--- DATASET RECORDS Enclosed Below ---

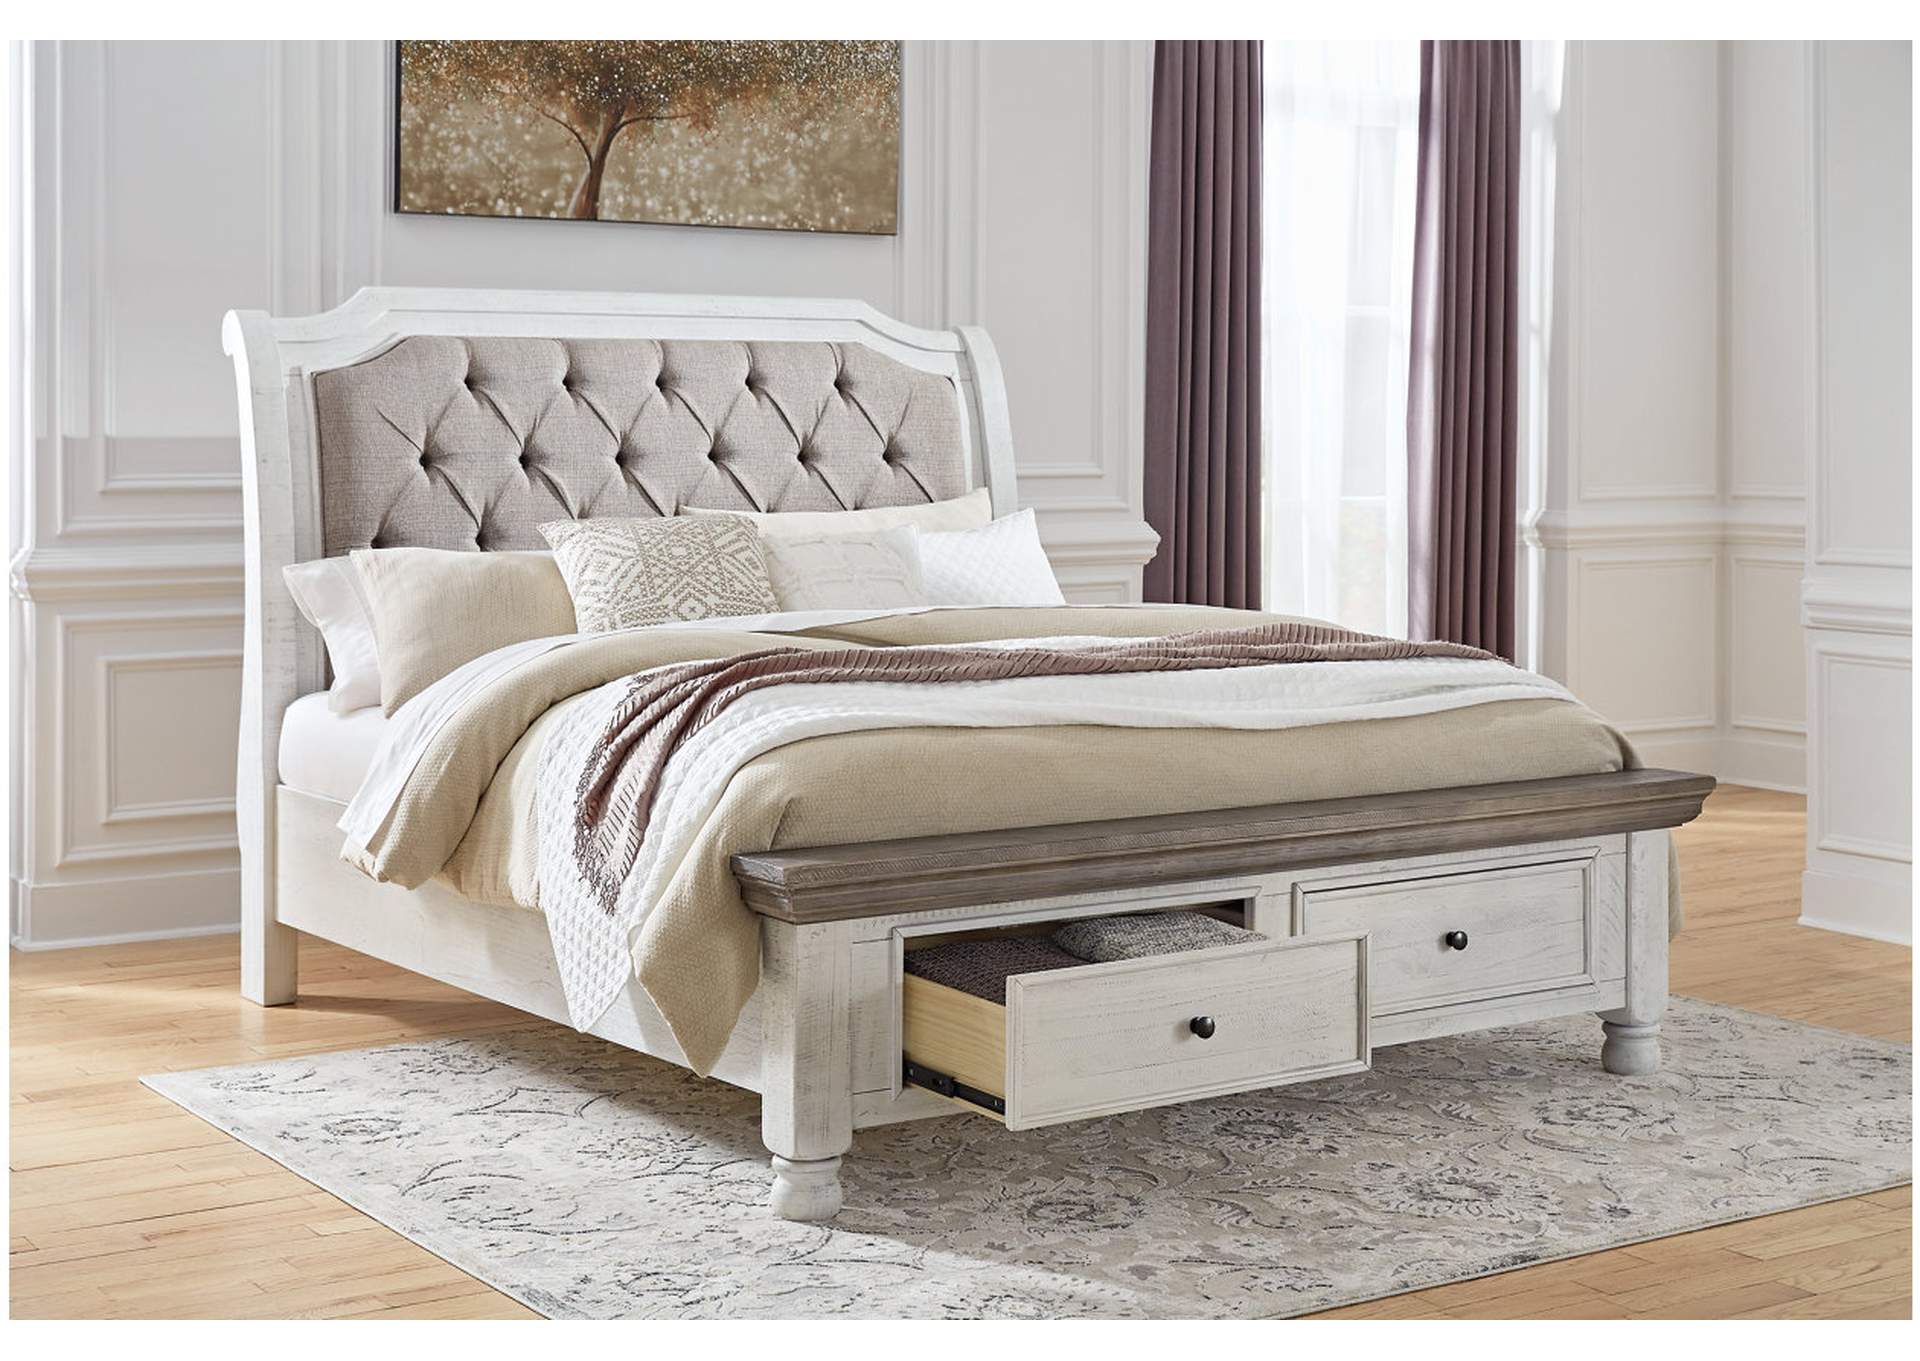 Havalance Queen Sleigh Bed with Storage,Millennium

--- End of Enclosed DATASET RECORDS ---
--- DATASET RECORDS Enclosed Below ---

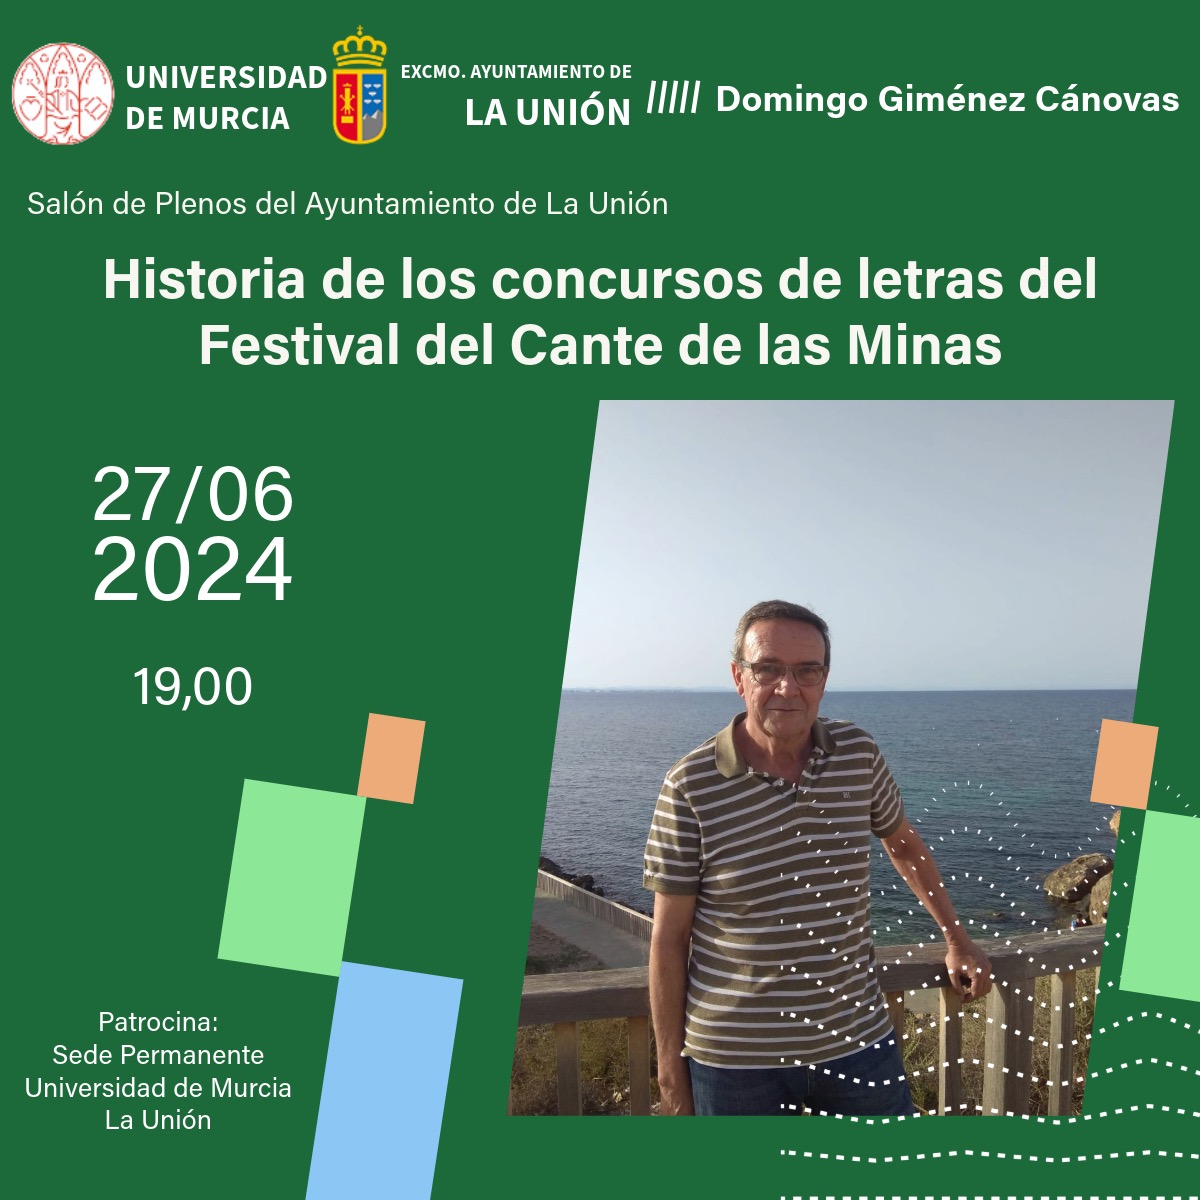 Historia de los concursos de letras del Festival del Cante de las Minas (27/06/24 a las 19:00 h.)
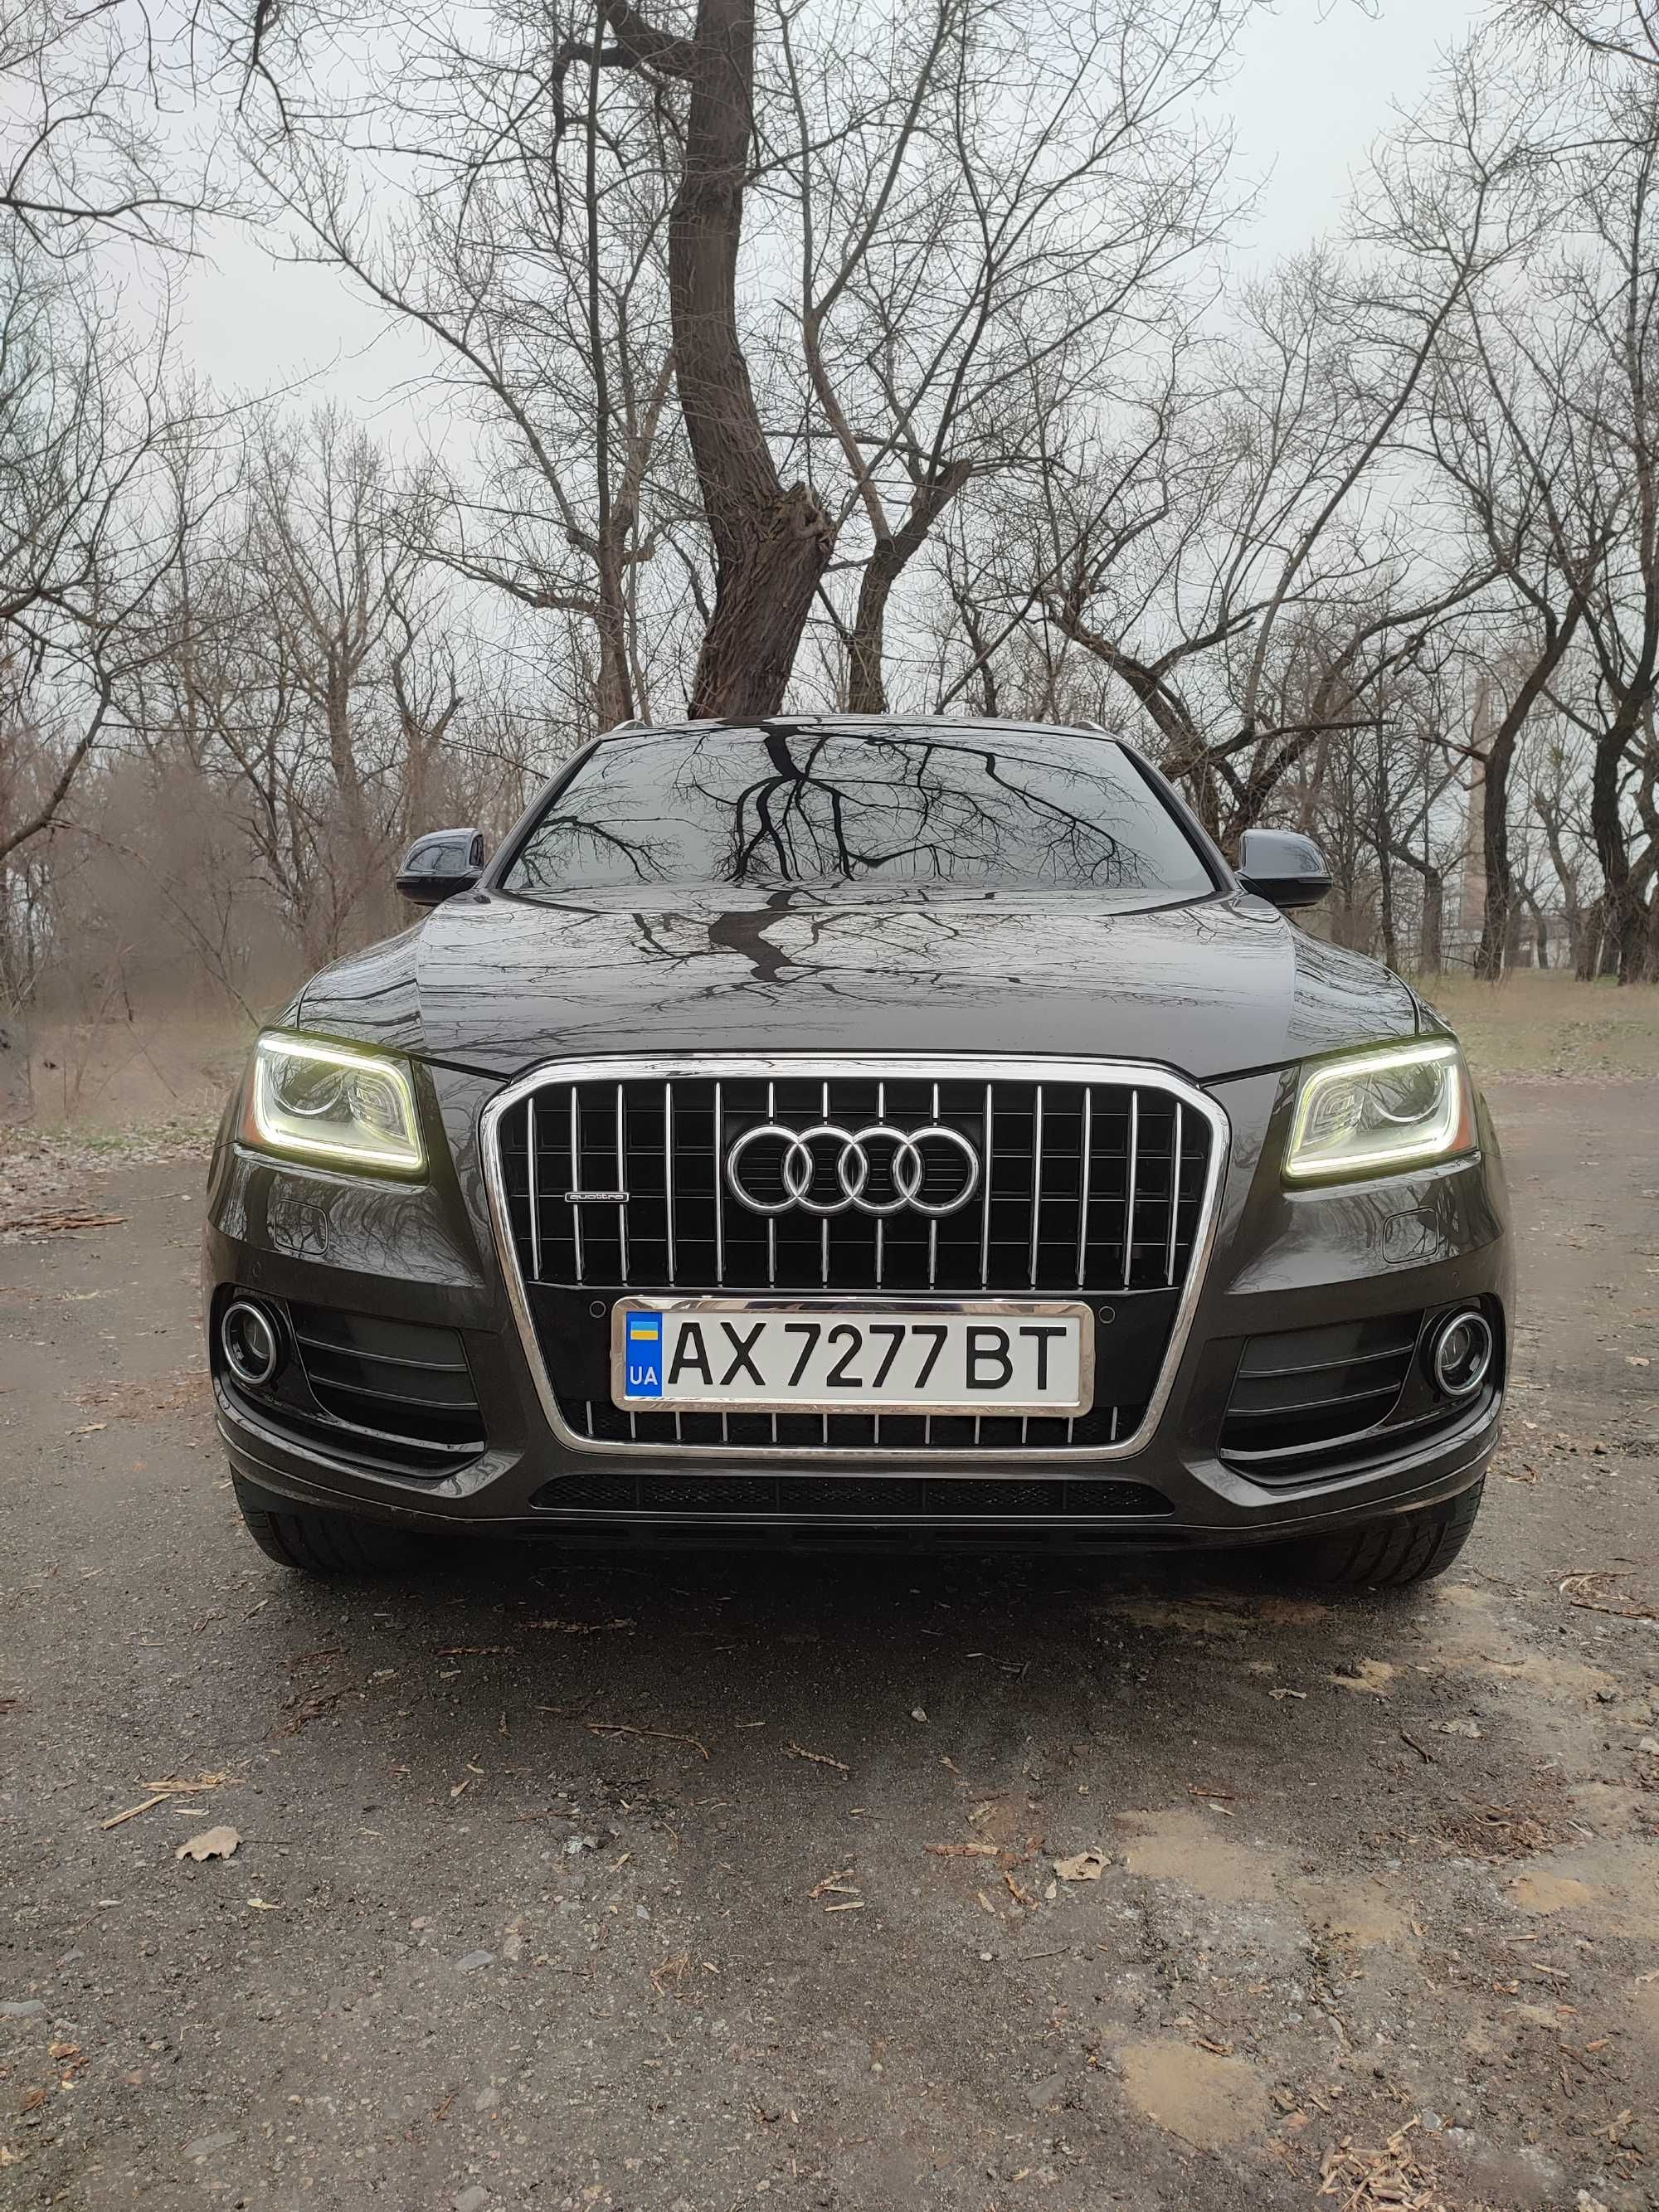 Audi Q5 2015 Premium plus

--- End of Enclosed DATASET RECORDS ---
--- DATASET RECORDS Enclosed Below ---

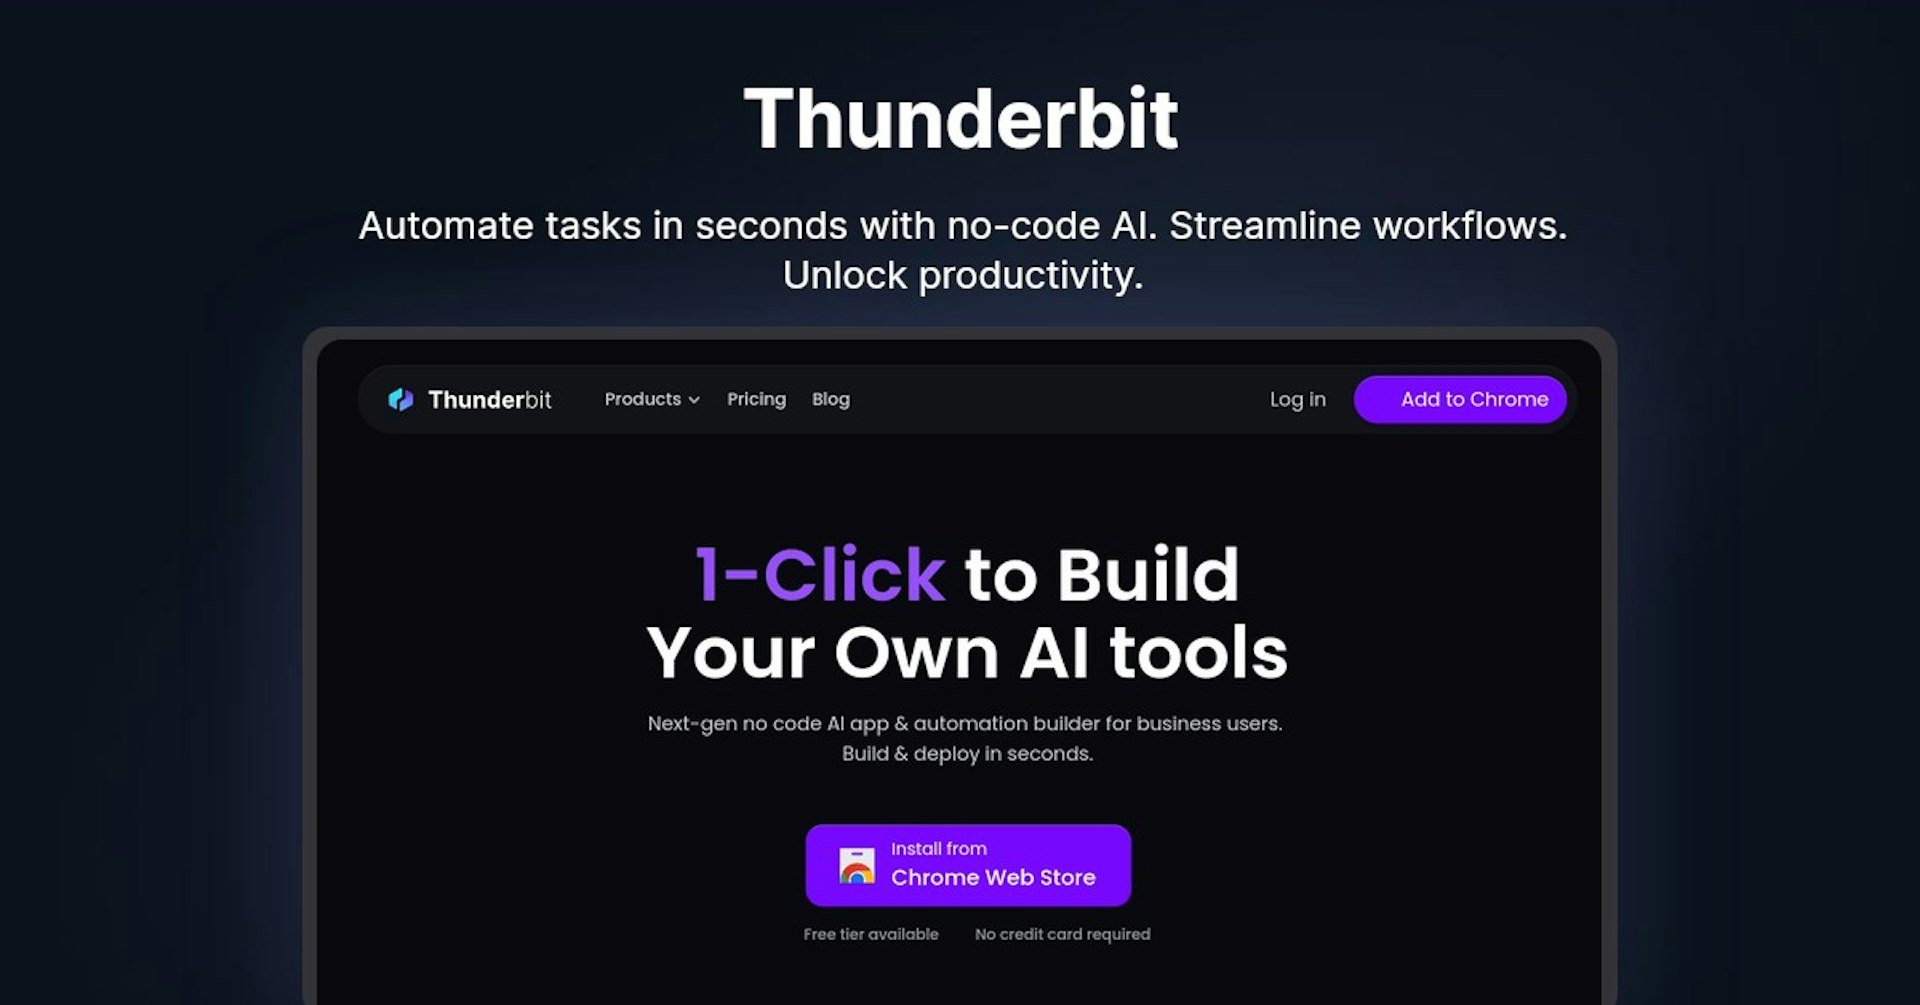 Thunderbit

--- End of Enclosed DATASET RECORDS ---

WHAT IS NEEDED: Only the lines of the listing above from the one with "Historia de los" through the one with "Audi Q5 2015 Premium plus" should be output, exactly, with both ends kept and pictures left out.

COMPLETED TASK:
 Historia de los concursos de letras del Festival del Cante de las Minas (27/06/24 a las 19:00 h.)
 Audi Q5 2015 Premium plus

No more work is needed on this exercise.